16. We now proceed to list the concrete recommendations we would like to make to answer each of the commission’s terms of reference – three original and a fourth one added later.

Term of reference No. I
Criteria for identifying socially and economically backward classes among the religious and linguistic minorities

16.1.1. In our considered opinion, the ultimate goal should be the evolution of a uniform pattern of criteria for identifying the backward, which should be based only on the educational and economic status of people and not on their caste or religion, and its application equally to all sections of citizens irrespective of their caste or religion. And we do suggest that overall efforts should be directed towards gradually leading the nation to that goal.

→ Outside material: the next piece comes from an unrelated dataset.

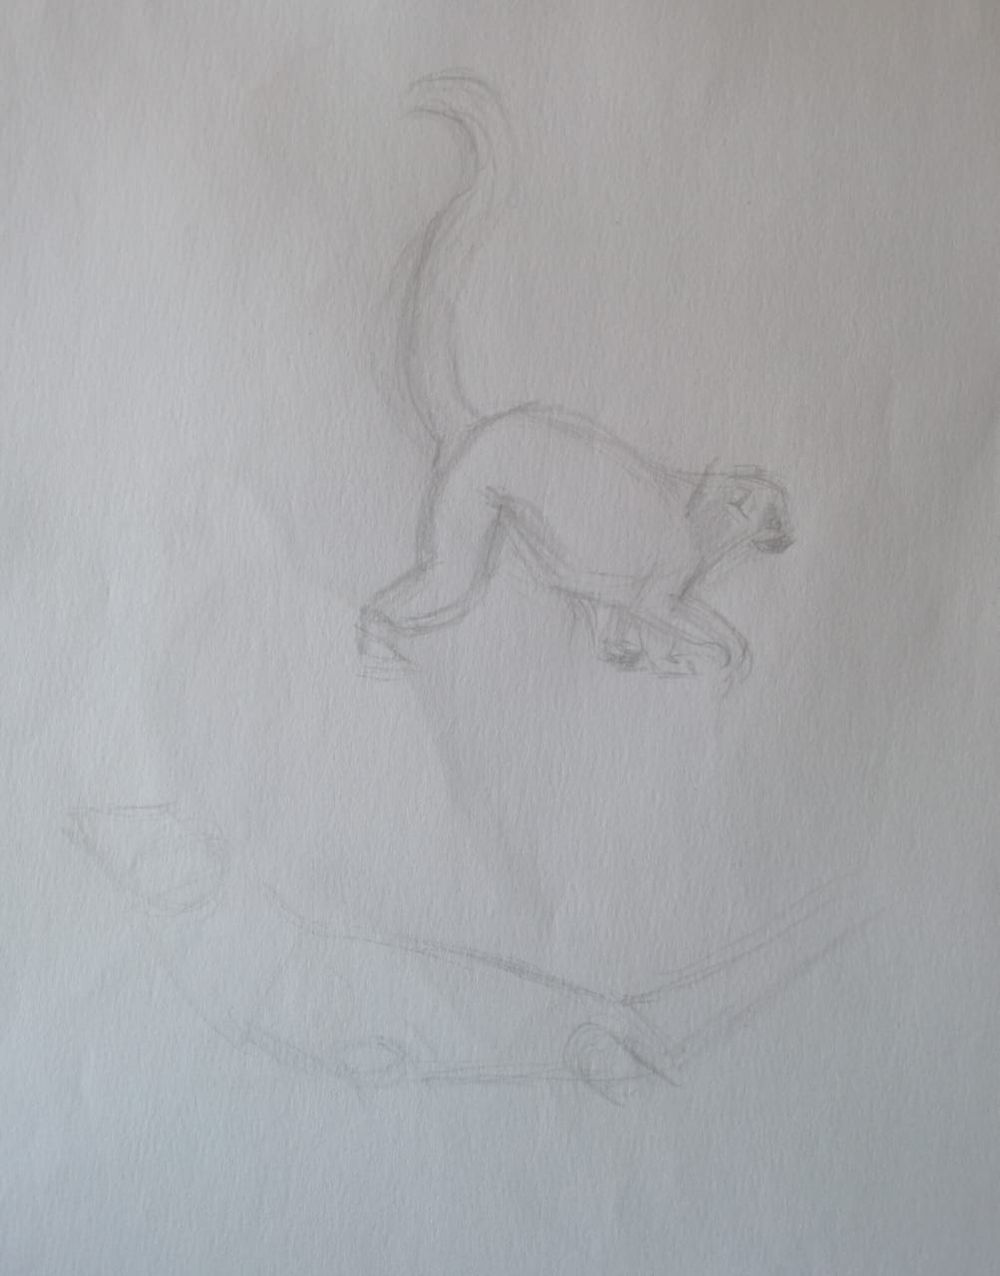 Basic Drawing Skills - image 19 - student project

16.1.2. We however do understand that achievement of that ultimate goal will take a long time, as it would obviously require building public opinion and procuring national consensus in its favour as also a strong political will for translating it into concrete action. We are therefore recommending some other measures to be adopted now, pending the possible achievement of what we have called the ultimate goal.

16.1.3. The measures recommended by us will in our opinion pave the way for achieving the aforestated ultimate goal in future on the one hand while ensuring on the other hand a faithful compliance at present with the constitutional directives of social, economic and political justice and equality of status and opportunity as proclaimed by the preamble to the Constitution and detailed in its provisions on fundamental rights.

Religious minorities

16.1.4. We wish to clarify at the outset that whatever recommendations of a general nature (for all minorities) we are making here are not only for the communities notified as “minorities” by executive action under the National Commission for Minorities Act 1992 but for all religious minorities – large or small – including the Hindus in the union territory of Lakshadweep and the states of Jammu and Kashmir, Meghalaya, Mizoram, Nagaland and Punjab.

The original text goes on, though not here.